"Choose, prioritise, compromise and juggle"

Professor Rémy-Jardin MD PhD heads the Department of Radiology and is Chairman of the Department of Thoracic Imaging at the Calmette Hospital, University Centre of Lille. She is also Professor of Radiology in Lille University's Medical Faculty.

Prof Rémy-Jardin
Prof Rémy-Jardin

The Calmette Hospital specialises in thoracic and respiratory medicine. In her department, Prof. Rémy-Jardin oversees five senior doctors and seven interns. Her international reputation and the quality of the department’s research attract radiologists from all over the world – the present senior staff includes doctors from South Africa, Canada and Italy, all at Lille to improve their knowledge in high-resolution computer tomography of diffuse infiltrative and vascular lung diseases; interventional vascular procedures; cardiac and pulmonary functional imaging, and reduction in radiation dose – the professor’s areas of expertise.
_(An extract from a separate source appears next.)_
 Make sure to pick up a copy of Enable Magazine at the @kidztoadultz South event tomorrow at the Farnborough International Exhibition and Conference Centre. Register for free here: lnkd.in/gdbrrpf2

Additionally, much of her published research is in spiral CT imaging, especially technical developments; post-processing; CT angiography and multi-detector CT, including dual energy.
Her university thoracic imagers and scanning research programme is based on a longstanding collaboration with Siemens: the centre serves as a reference site for the company, providing it with access to clinical activities through which clinical research can be undertaken. This research is then channelled into publication in international journals and/or presented at major conferences. It is also used for Siemens’ technological investigations. In return, the radiology department can propose the use of the latest scanners and imagers to patients — technology that most public hospitals only dream of buying.
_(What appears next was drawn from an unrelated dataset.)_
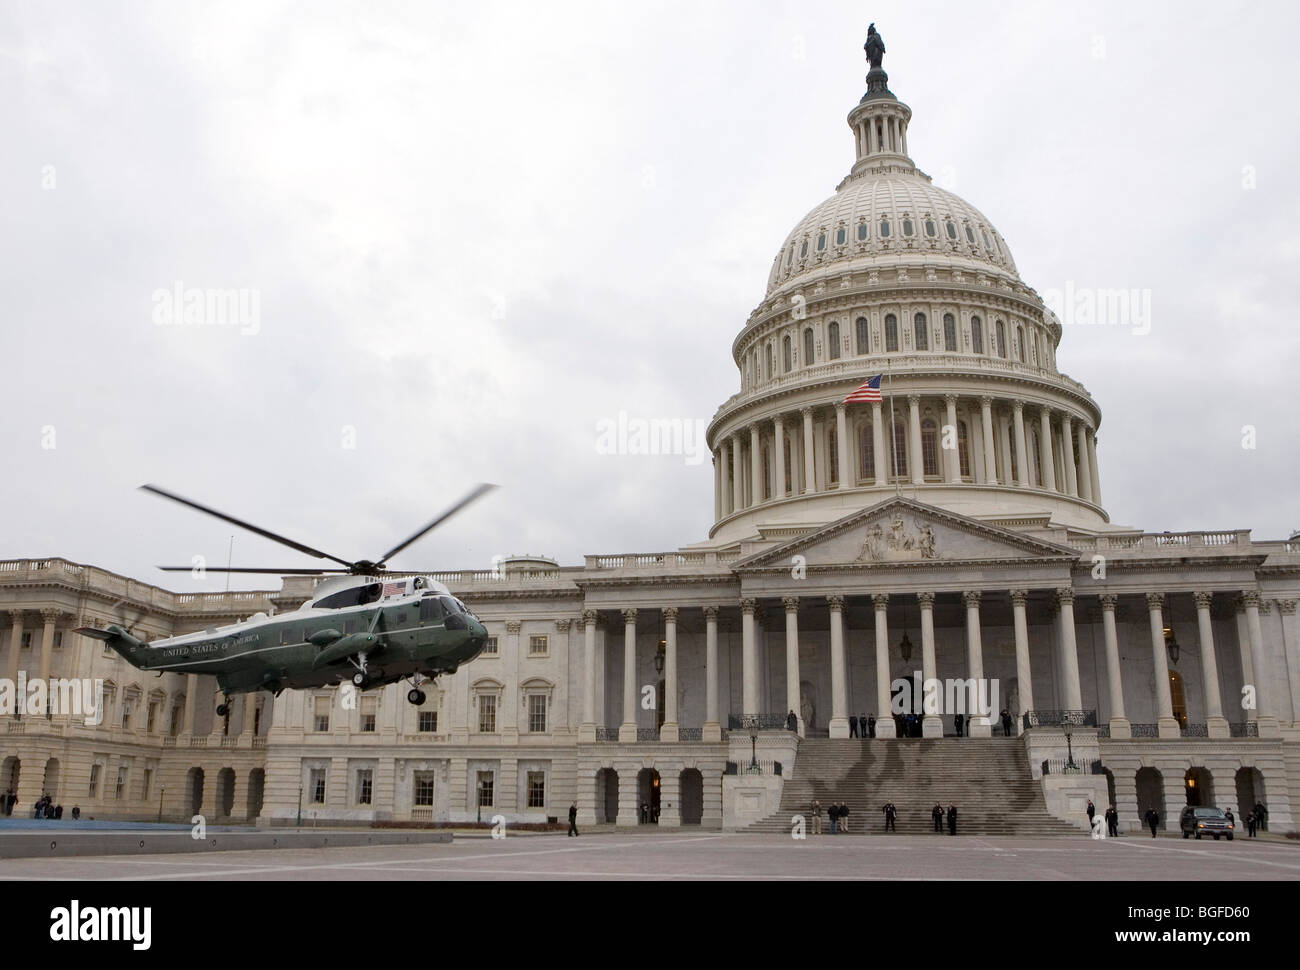 A Marine One helicopter practices a landing at the US Capitol Building. Stock Photo

In her private life, Prof. Rémy-Jardin is a wife and mother.
During a European Hospital interview we asked about her career as well as its effects on her private life:
 What do you consider your major professional achievements among the many we can only briefly outline here?
R-J: To have become the Head of a Radiology Department in which it is possible to combine high-quality diagnostic activities, teaching and clinical research activities. This has been possible through the constant collaboration with the previous head of this department, Professor Rémy. Because he was nearing retirement age, he handed over the Radiology Department to concentrate on university research interests. Perhaps, due to my close personal involvement with him, I feel very keenly the challenge of keeping not only the same level of quality but also the overall vision for the department’s future.
How do you manage family time? Has being a mother compromised your career?
True, my work doesn’t leave me much free time, but I have a little boy who is my most important personal achievement. One has to make choices in life. I chose to commit time to bringing up my son. He is still only 10 years old.
I’ve been extraordinarily lucky in my professional life, because my husband is in the same profession, the same specialty and the same department — very lucky! There is probably only one thing I might have done differently if I’d been a man, or not had a family, and that is to have been more involved in the organisation and politics of our profession — another important aspect of radiology. Unfortunately, this isn’t something one can do without full-time commitment and it would involve a lot of time and travel. So my choice has been my son rather than professional politics. I don’t really have any regrets. I sometimes think about it, but if I can’t do something with 100% commitment I’d rather not do it. My son is far more important to me than this ‘missed’ opportunity.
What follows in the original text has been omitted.